### BRIEF
The required output is the lines below from the line containing "MIMETIC PEPTIDE 40GAP27" to the line containing "Черная 63. Mercedes", inclusive, retyped exactly. No other lines belong in it.

### DATA EXTRACTS
======
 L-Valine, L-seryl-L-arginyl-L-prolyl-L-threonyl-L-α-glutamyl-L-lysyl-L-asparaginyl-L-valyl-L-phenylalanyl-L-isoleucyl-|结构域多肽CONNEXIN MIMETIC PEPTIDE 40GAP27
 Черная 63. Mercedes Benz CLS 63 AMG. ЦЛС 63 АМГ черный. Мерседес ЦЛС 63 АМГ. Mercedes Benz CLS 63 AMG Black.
======
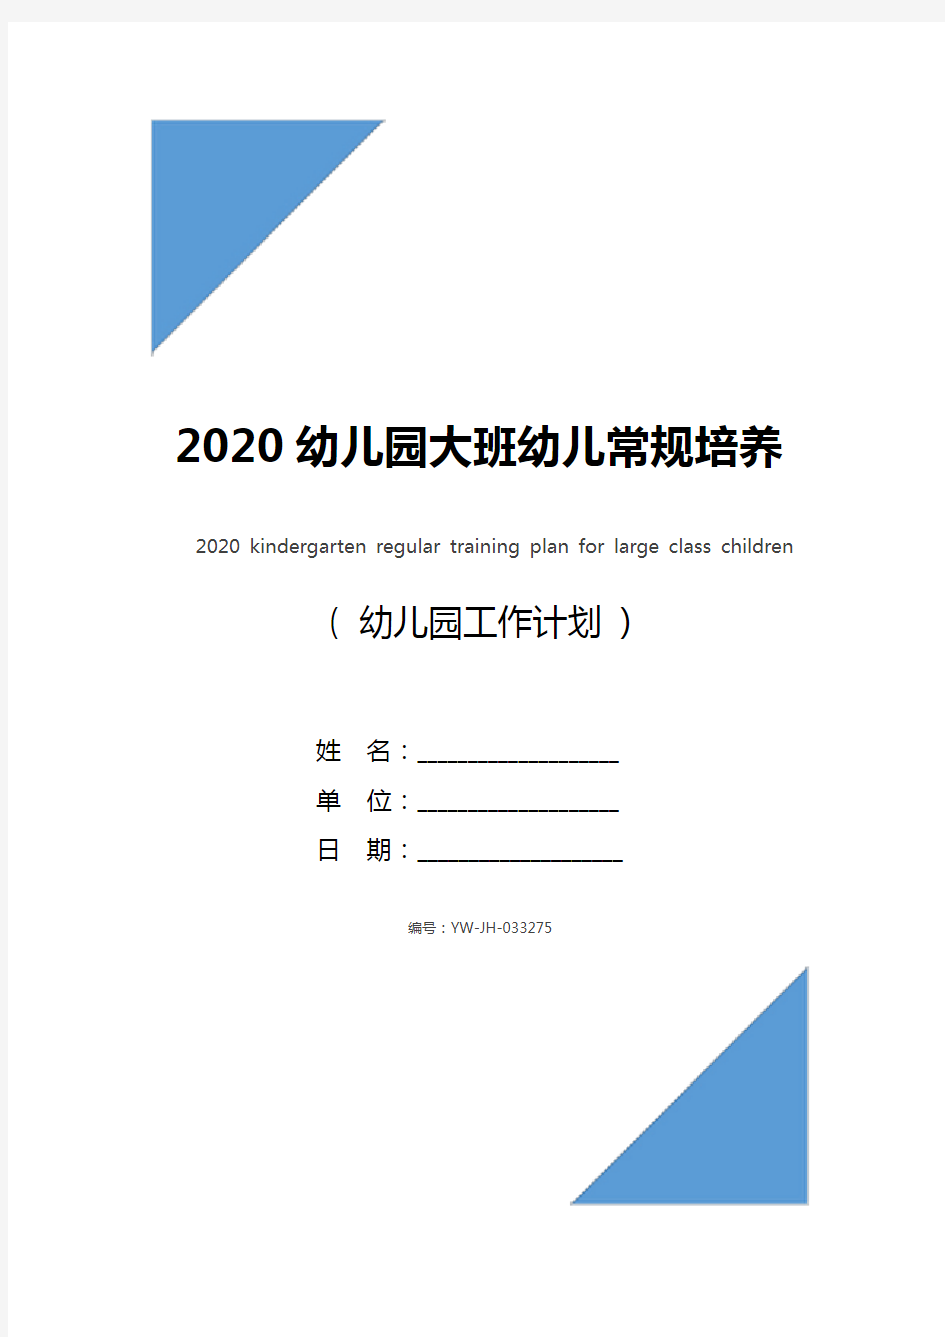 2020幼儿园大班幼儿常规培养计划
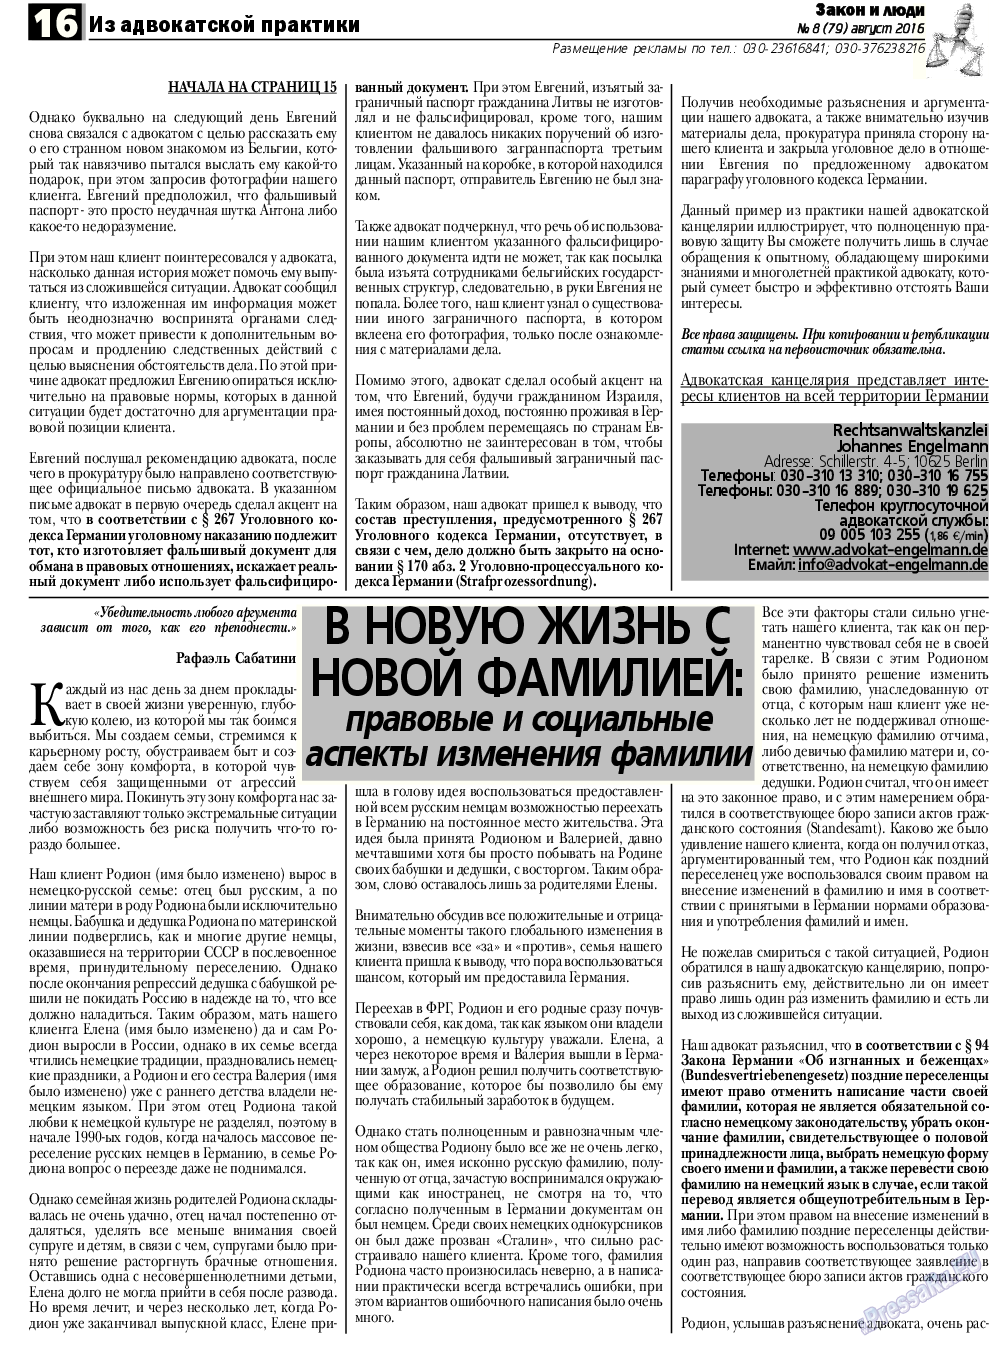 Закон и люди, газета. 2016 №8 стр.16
======
### RESPONSE TO THE TASK
 L-Valine, L-seryl-L-arginyl-L-prolyl-L-threonyl-L-α-glutamyl-L-lysyl-L-asparaginyl-L-valyl-L-phenylalanyl-L-isoleucyl-|结构域多肽CONNEXIN MIMETIC PEPTIDE 40GAP27
 Черная 63. Mercedes Benz CLS 63 AMG. ЦЛС 63 АМГ черный. Мерседес ЦЛС 63 АМГ. Mercedes Benz CLS 63 AMG Black.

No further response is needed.